◆ **TASK**: Write out the data below in full, unchanged, minus the images.

◆ **SUPPLIED MATERIAL**:
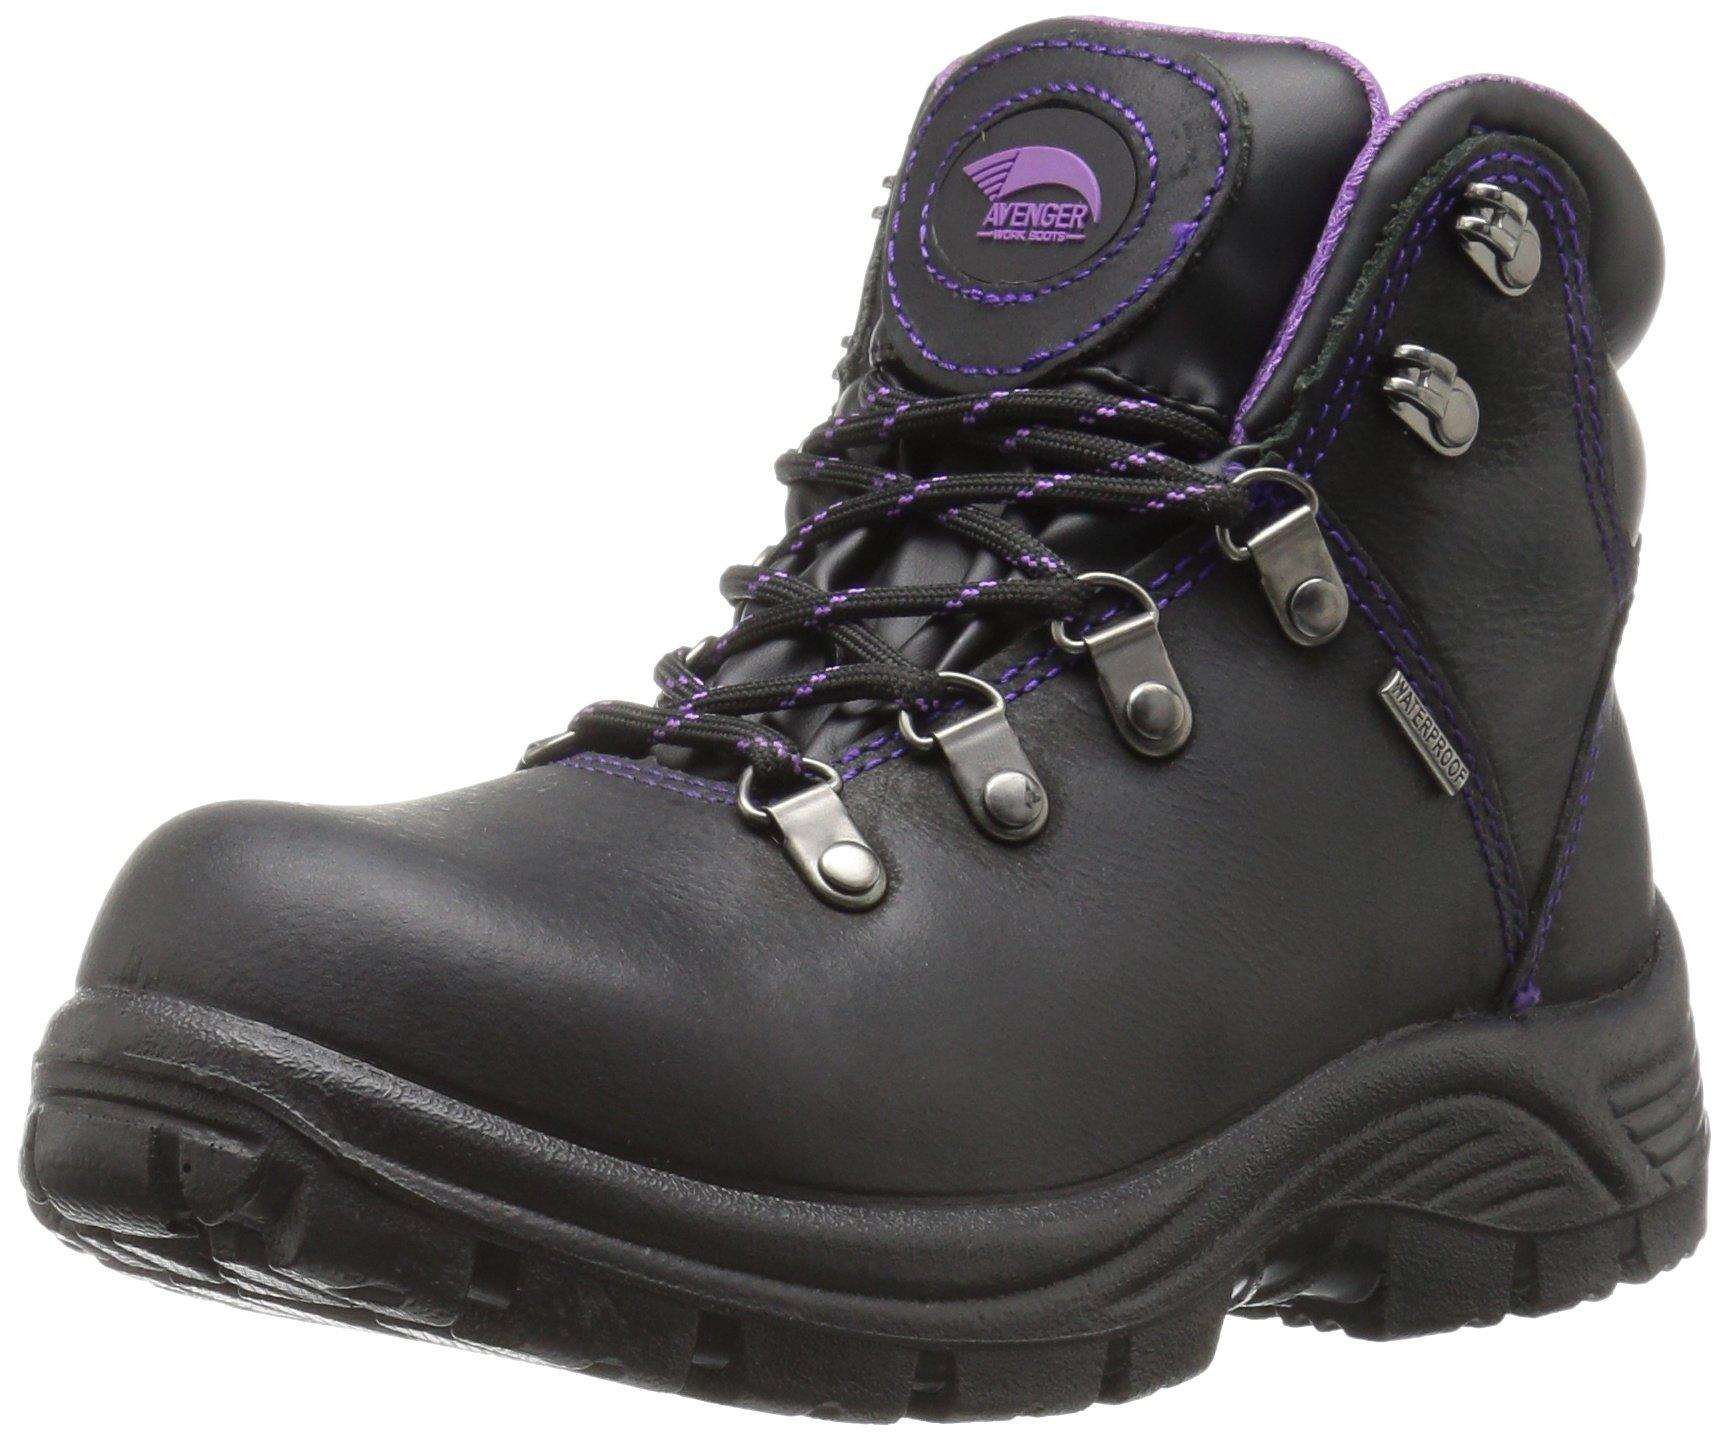 Avenger Safety Footwear Women's Avenger 7124 Waterproof Safety Toe EH SR Hiker Industrial Construction Shoe, Black, 11 M US
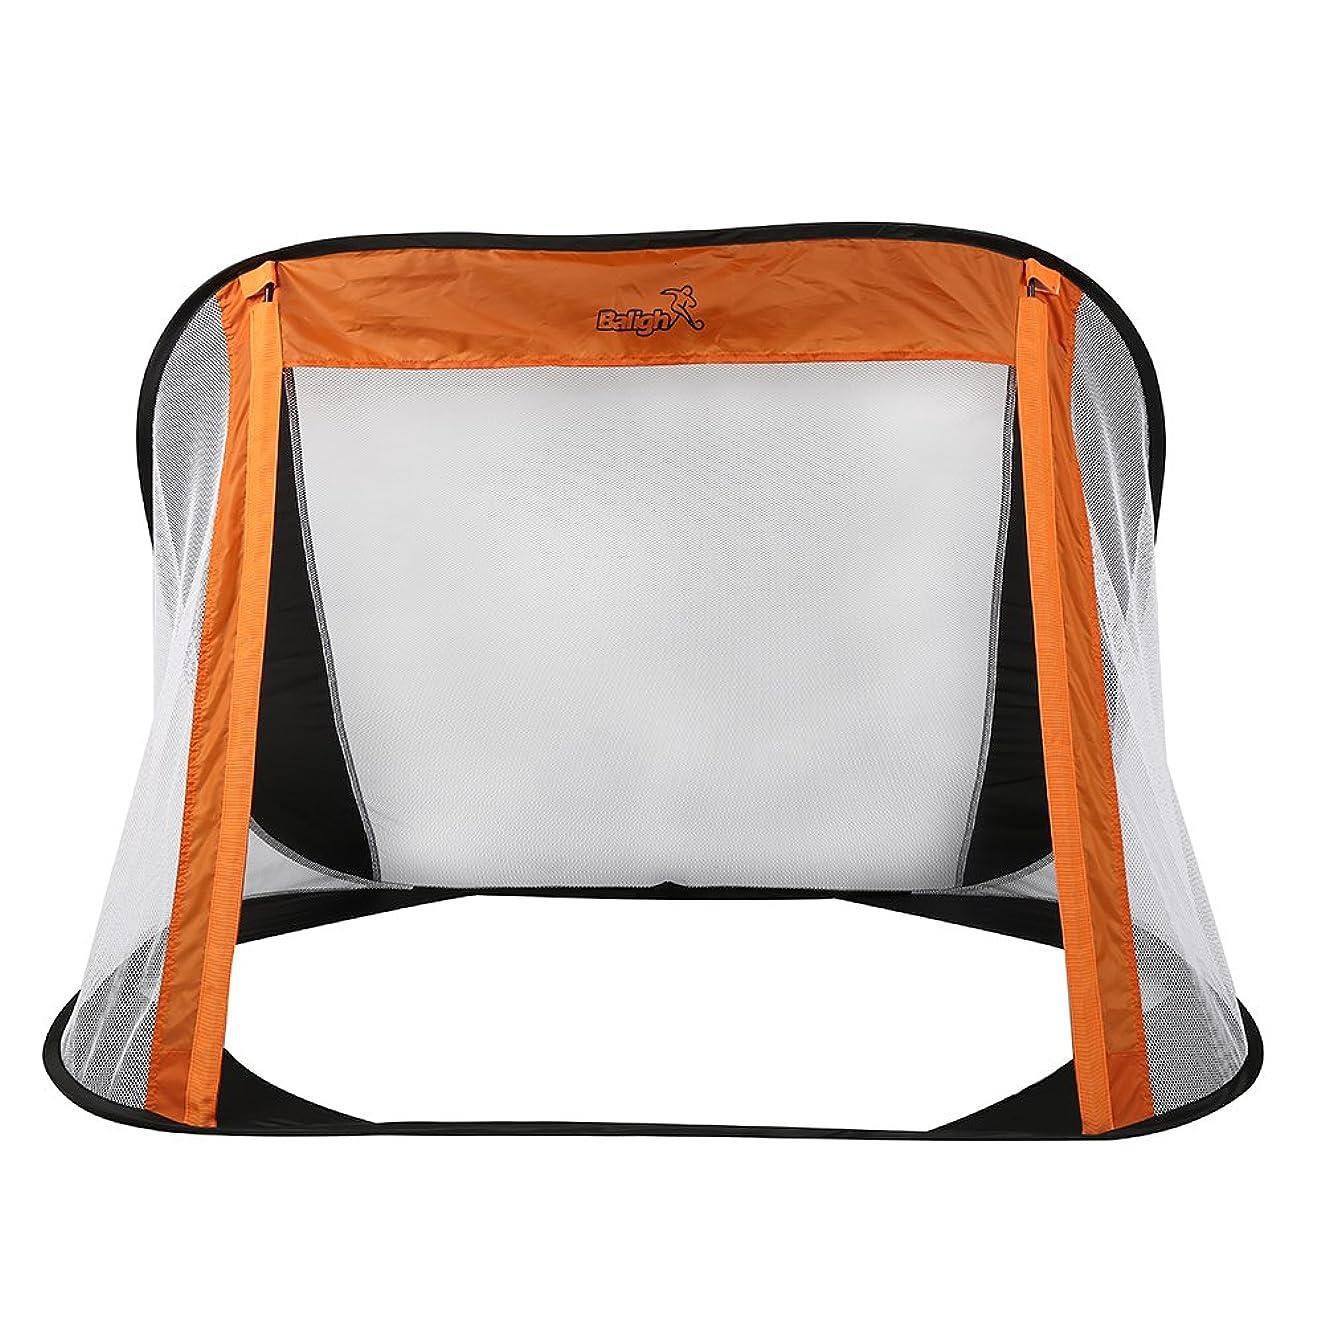 Tutuba Portable Easy Storage Folding Football Training Net Outdoor Kicking Door(Ship from USA)
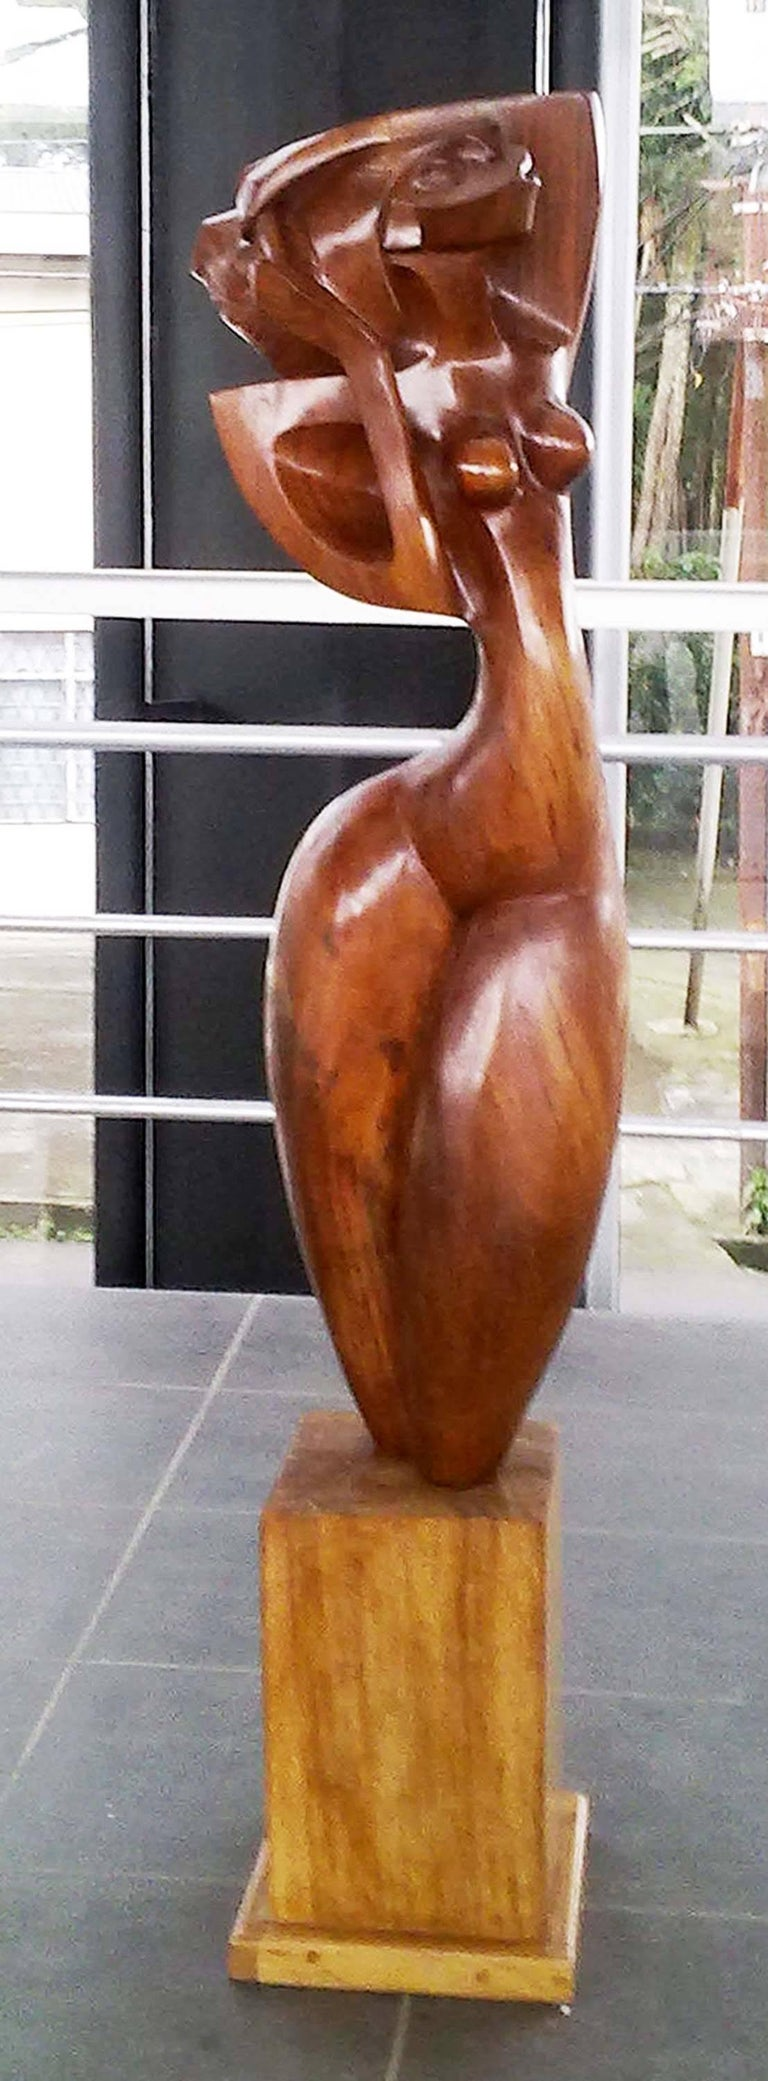 Ulises Jimenez Obregon Nude Sculpture - Rebecca
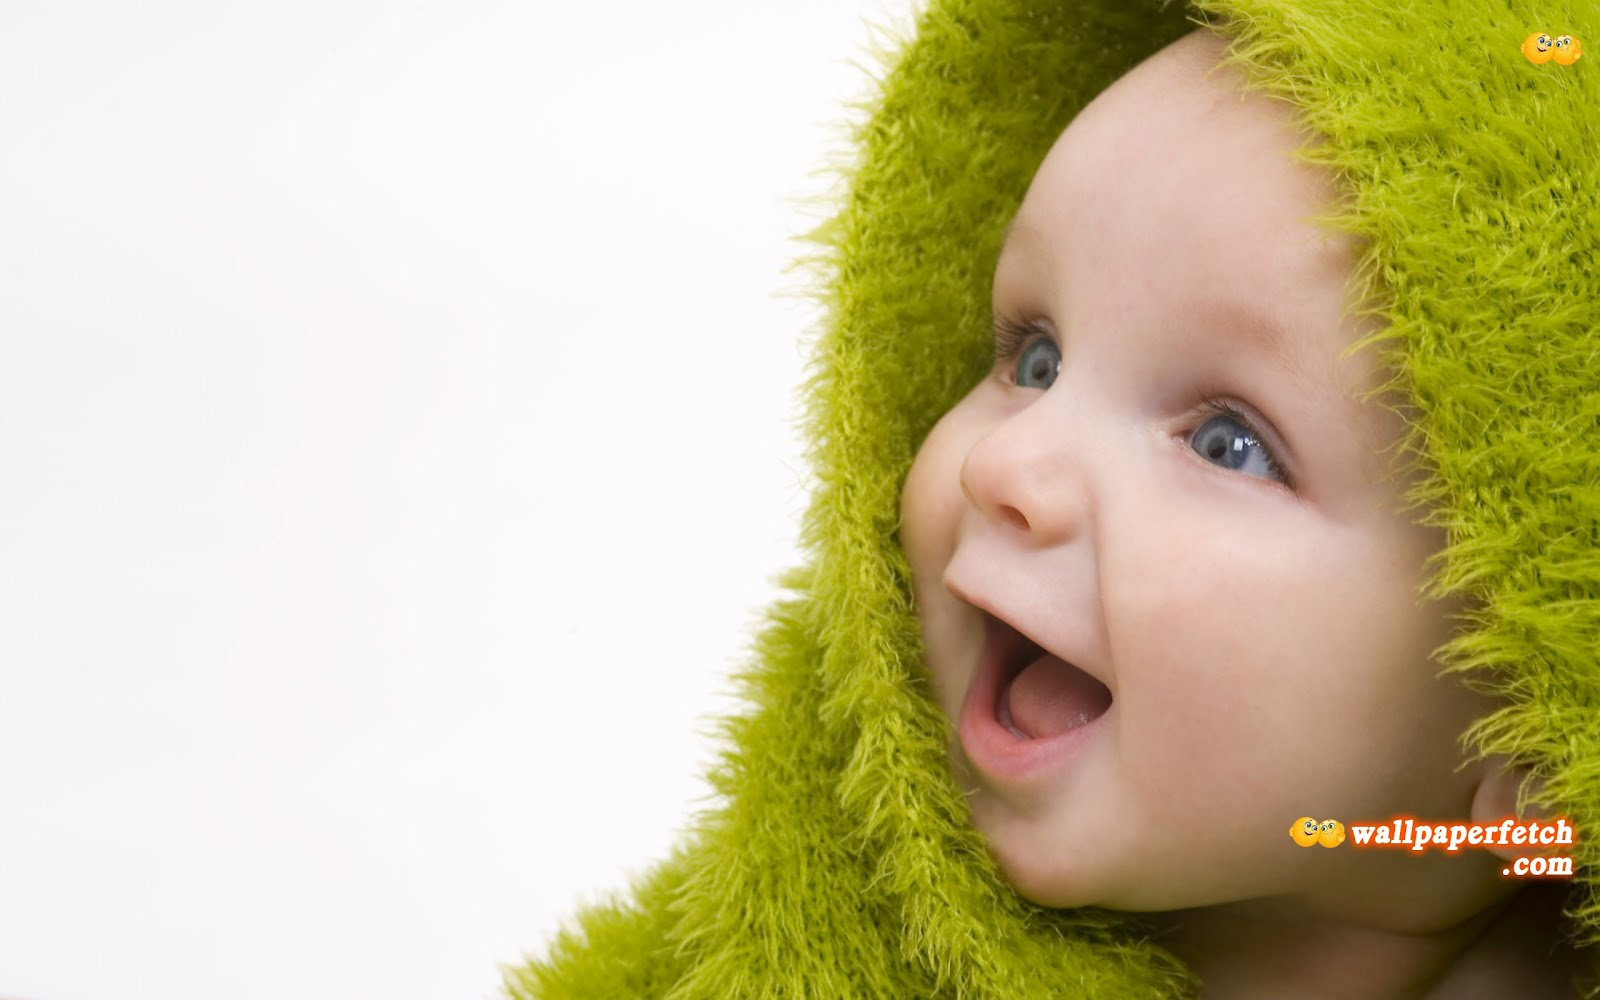 http://1.bp.blogspot.com/-yQ_yf_1M-bE/UAOvwNbnhPI/AAAAAAAAFyc/DYTSMijzSas/s1600/Cute-Baby-Wallpaper.jpg

◆ **THE ANSWER**:
 Avenger Safety Footwear Women's Avenger 7124 Waterproof Safety Toe EH SR Hiker Industrial Construction Shoe, Black, 11 M US
 Tutuba Portable Easy Storage Folding Football Training Net Outdoor Kicking Door(Ship from USA)
 Ulises Jimenez Obregon Nude Sculpture - Rebecca
 http://1.bp.blogspot.com/-yQ_yf_1M-bE/UAOvwNbnhPI/AAAAAAAAFyc/DYTSMijzSas/s1600/Cute-Baby-Wallpaper.jpg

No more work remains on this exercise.